Where alcohol results for a crash were known, drink driving was a factor in more than half of fatal crashes on Thursday, Friday and Saturday nights and in 19 per cent of all fatal crashes.
To remind motorists during the holiday season about the risks of drink driving, the familiar anti-drink driving “Paranoia” advertising campaign is running during the Christmas and New Year period to deter motorists from drinking and then getting behind the wheel. This campaign supports other strategies used to reduce drink driving on NSW roads including enforcement and school based education programs.
Holiday motorists are being urged to heed the warning signs of fatigue in the NSW Government’s latest “Wake Up to The Signs” road safety campaign which recently started.
Fatigue was determined to be a factor in at least 15 per cent of the 365 fatal crashes in 2010.
“Where we can, we will continue to target behaviour on our roads which has an impact on the NSW road toll,” Ms Prendergast said.
“At the same time, important initiatives from the five year $170 million Road Toll Response Package continue to be rolled out.
“This includes initiatives covering pedestrian safety, motorcycle safety, speed management, heavy vehicle safety, as well as road safety upgrades including highway safety reviews, the installation of rumble strips, wire rope barriers and the widening of road shoulders in high crash areas,” she said.
The NSW Centre for Road Safety’s Statistical Statement of Road Traffic Crashes summarises NSW crash statistics in 2010.

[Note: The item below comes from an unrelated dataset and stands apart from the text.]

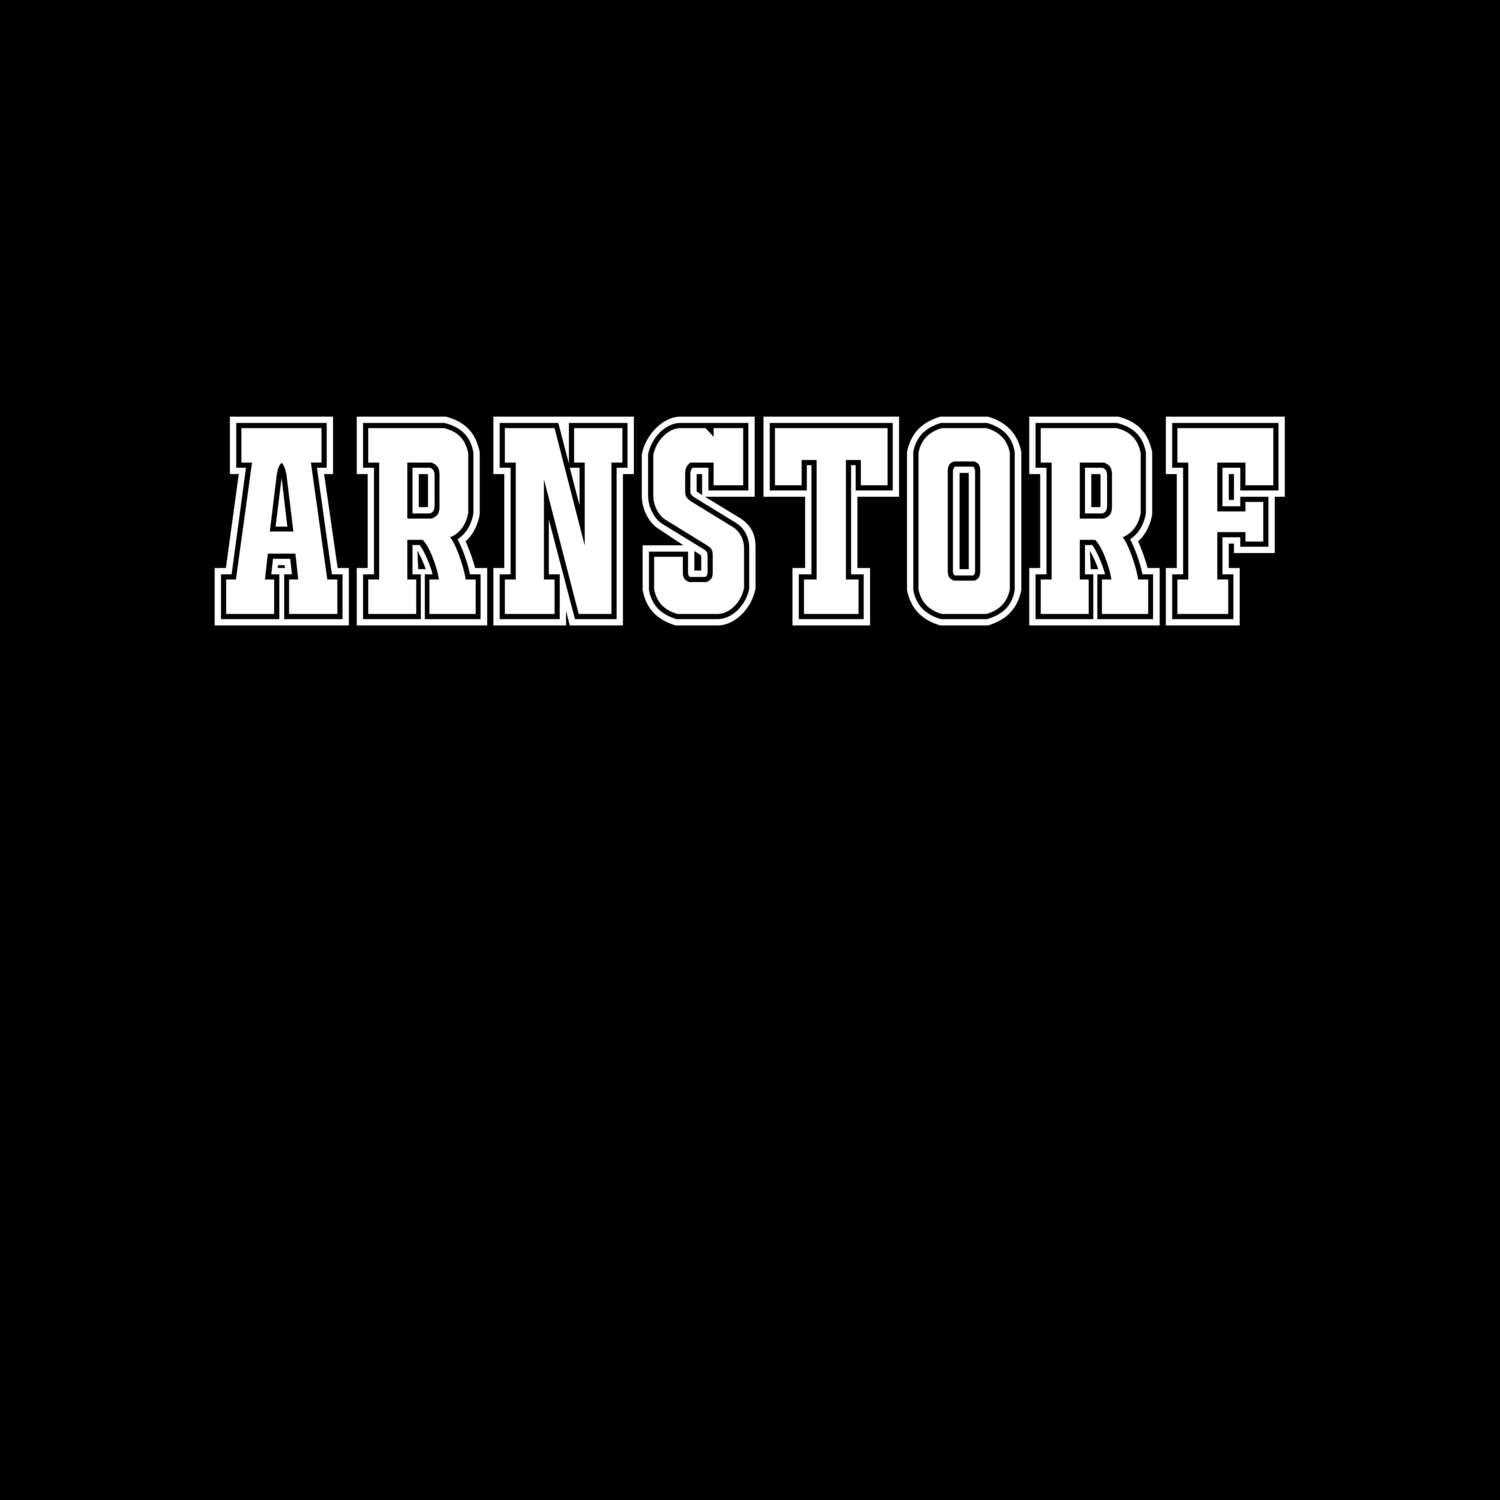 Arnstorf T-Shirt »Classic«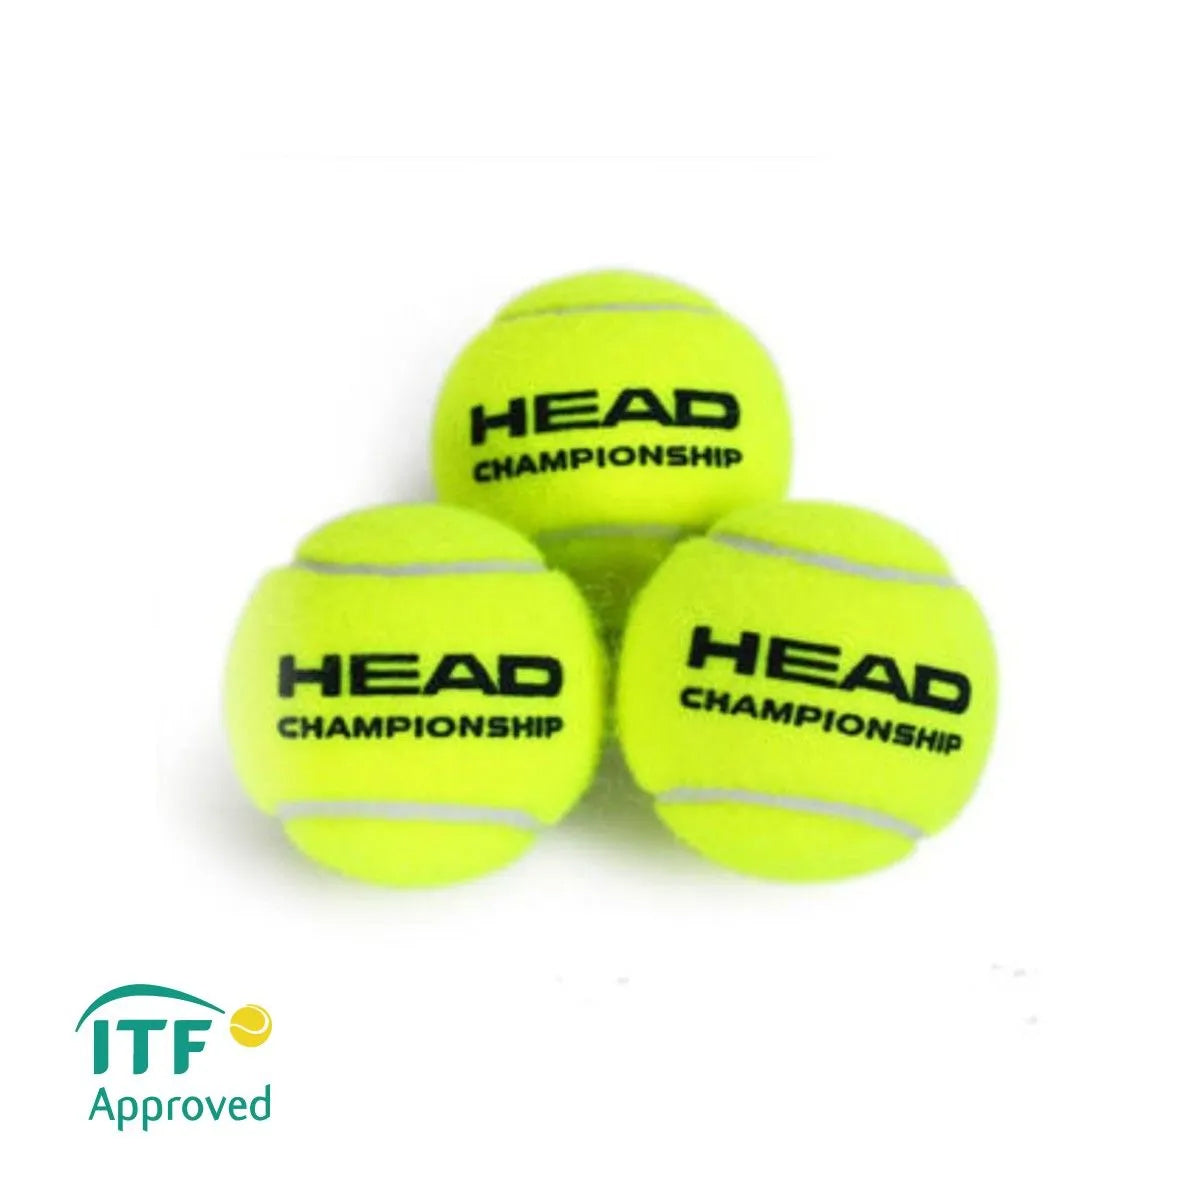 Head Championship Tennis Balls Carton (24 Cans) - Best Price online Prokicksports.com

It shows compared to the previous year fatal crashes and fatalities declined by around 10 per cent, while the number of injury crashes and injuries rose slightly.
The fatality rate per population was the second lowest since records began in 1908.
Fatal crashes continued to be overrepresented on country roads with country residents accounting for almost three quarters of the motorists involved in these crashes.
While 34 per cent of all recorded crashes happened on country roads, this rose to 68 per cent for fatal crashes. Per head of population a country resident is around four times more likely to be killed in a road crash compared with a metropolitan resident.